------ Task input

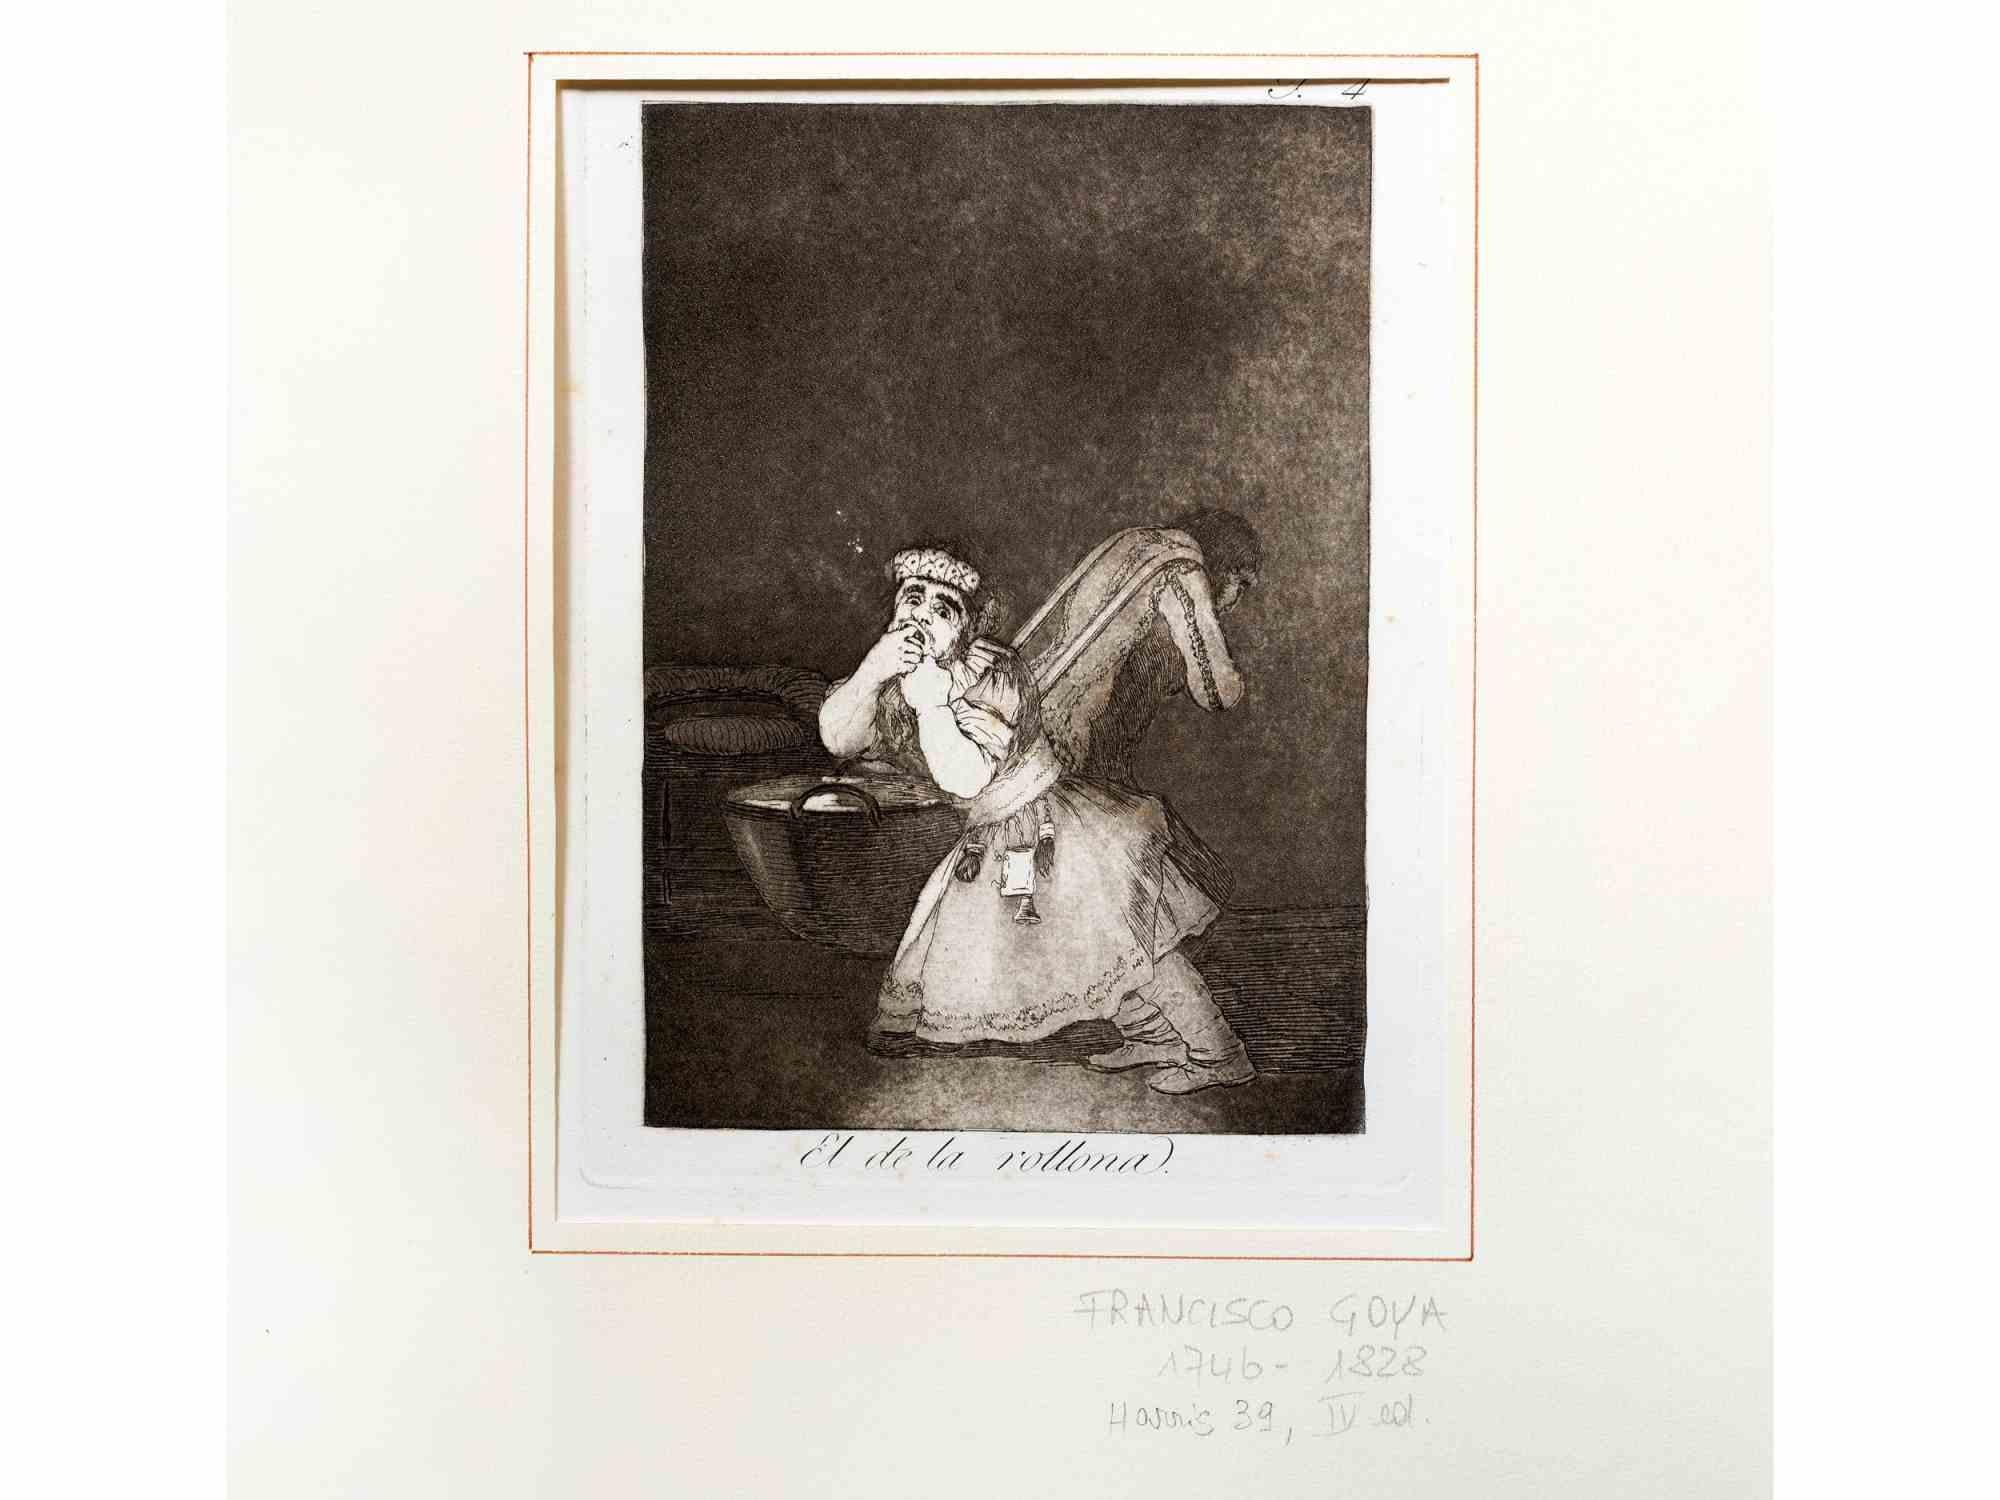 El de la Rollona ist ein modernes Kunstwerk von Francisco Goya, das 1878 in vierter Auflage von der Calcografia Nacional veröffentlicht wurde.

Schwarz-Weiß-Radierung und brünierte Aquatinta.

Abmessungen: Bild 20 x 15 cm Blatt 29 x 21 cm.

Bei dem
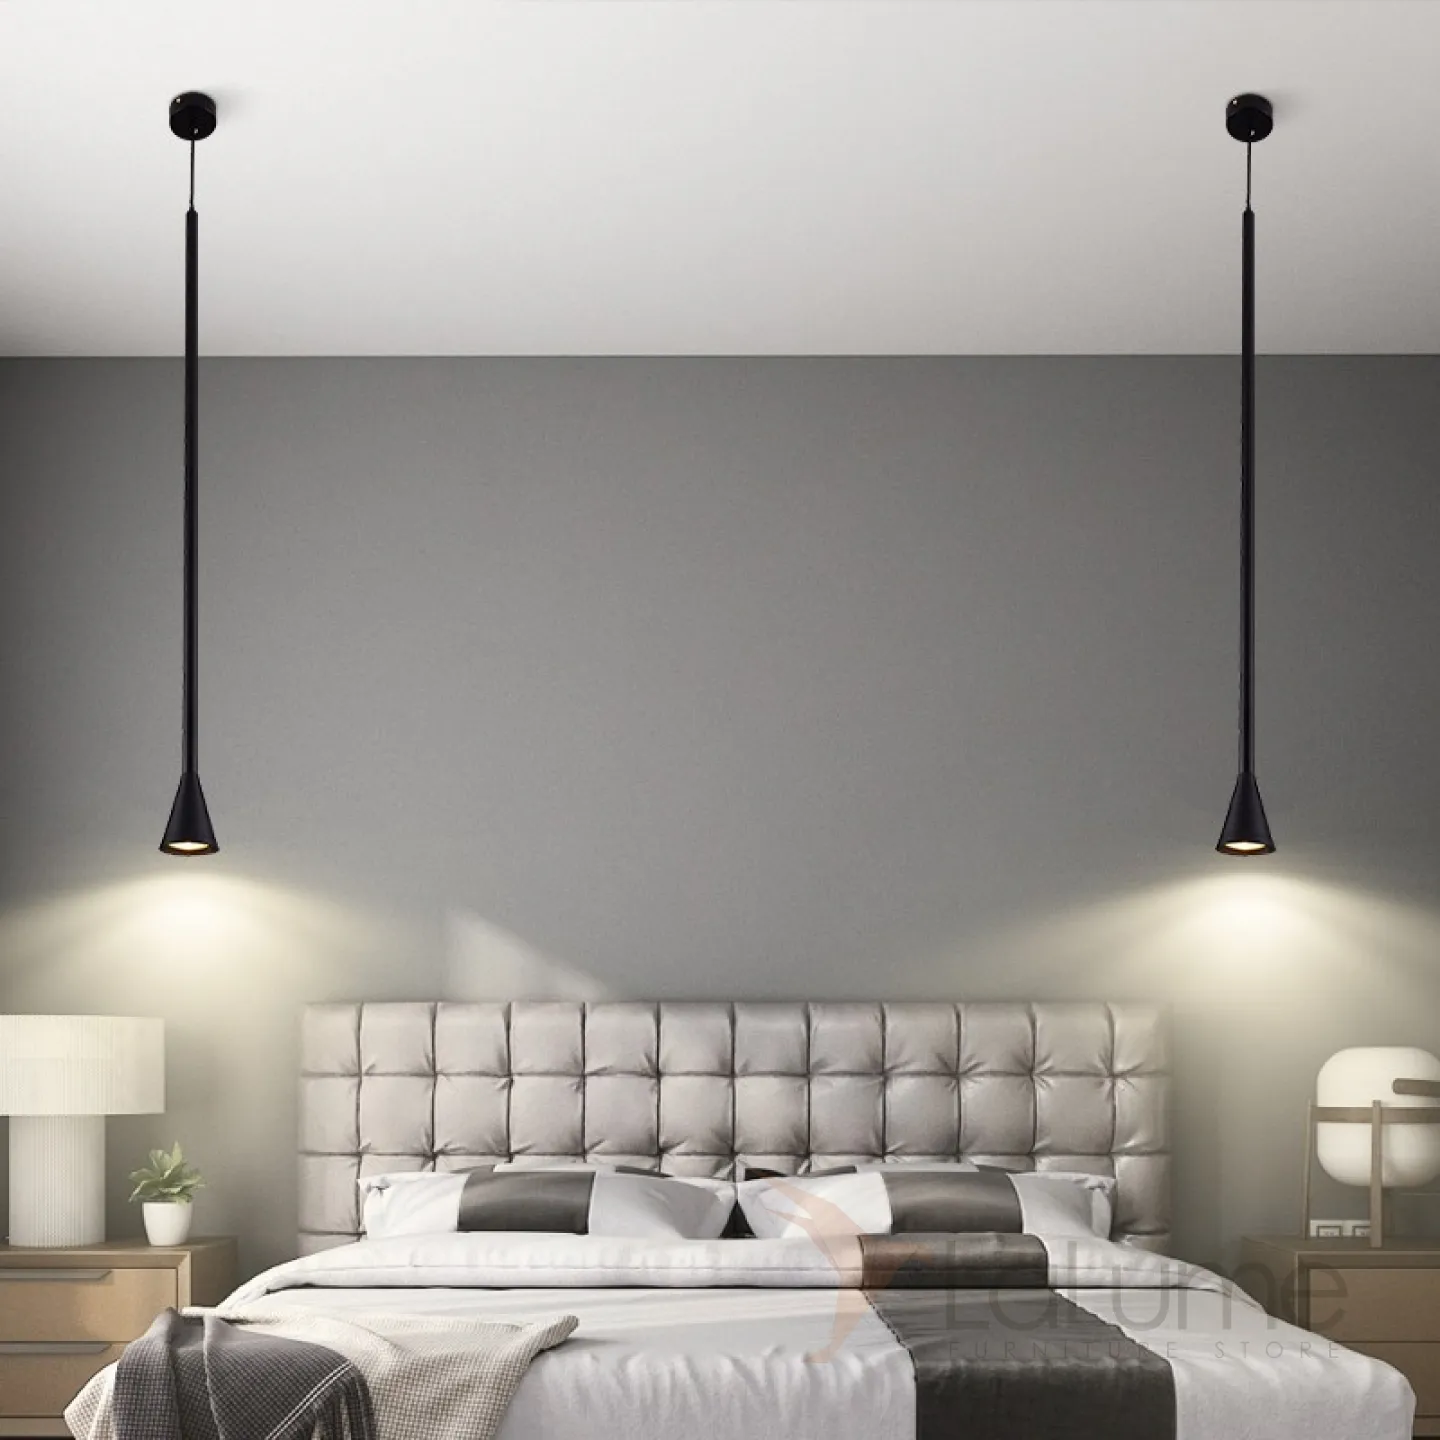 светильники над тумбочками в спальне свисающие с потолка
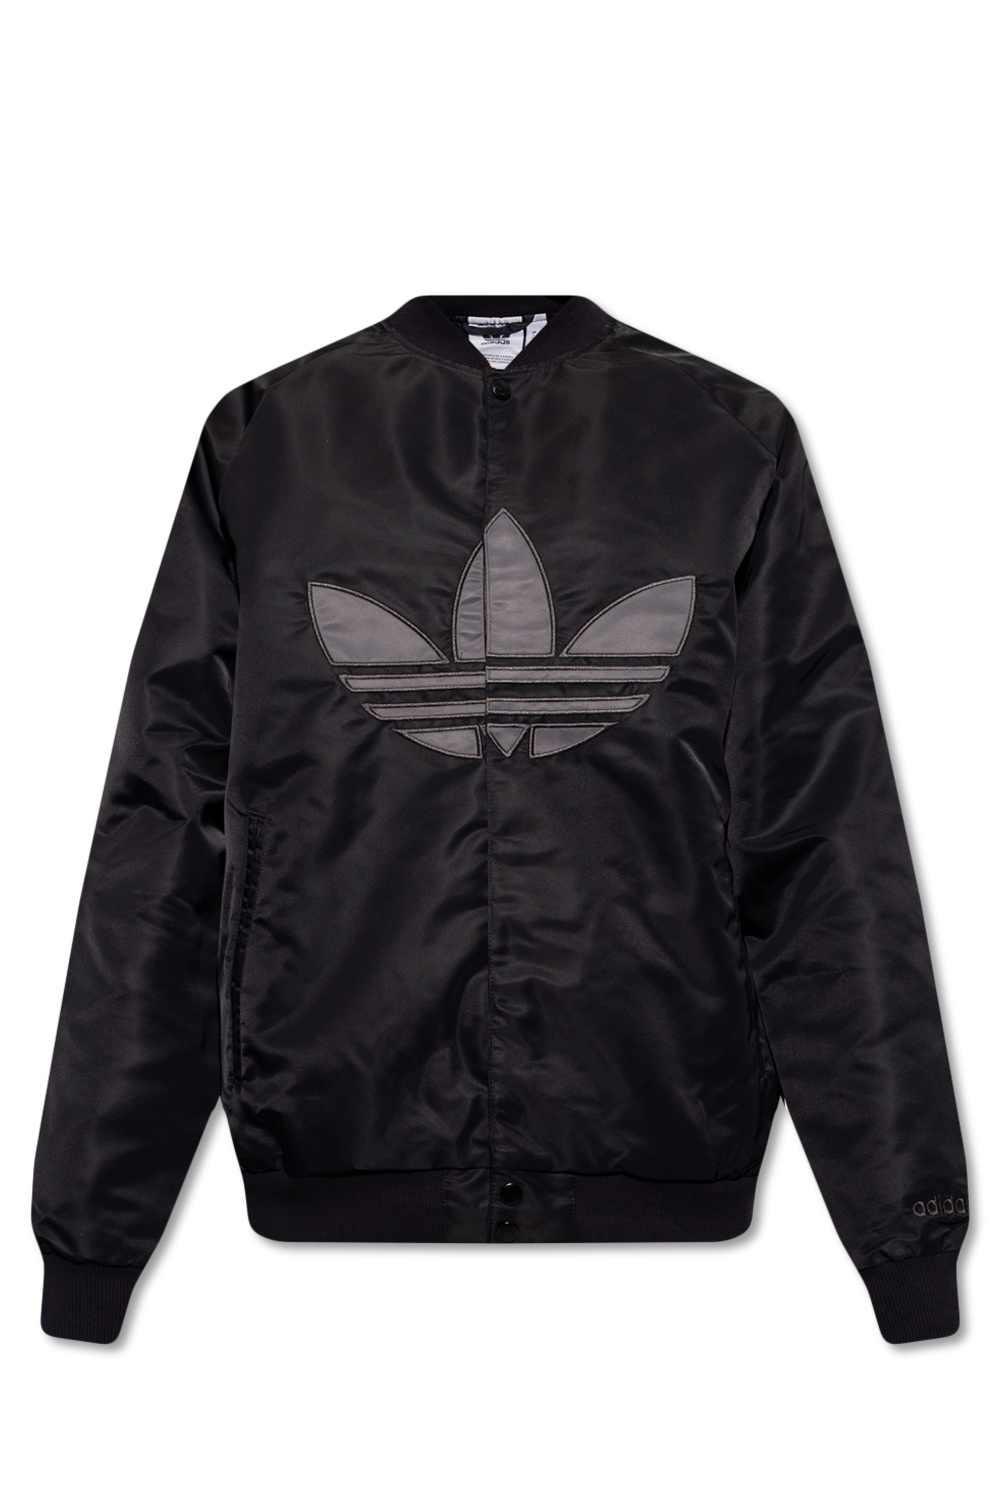 Adidas Originals Bomber Jacket, Men's, Size: XL, Black

------------

*Exercise goal*: The response should contain every record above exactly as written, and none of the pictures.

*Exercise response*:
 El de la Rollona ist ein modernes Kunstwerk von Francisco Goya, das 1878 in vierter Auflage von der Calcografia Nacional veröffentlicht wurde.

Schwarz-Weiß-Radierung und brünierte Aquatinta.

Abmessungen: Bild 20 x 15 cm Blatt 29 x 21 cm.

Bei dem
 светильники над тумбочками в спальне свисающие с потолка
 Adidas Originals Bomber Jacket, Men's, Size: XL, Black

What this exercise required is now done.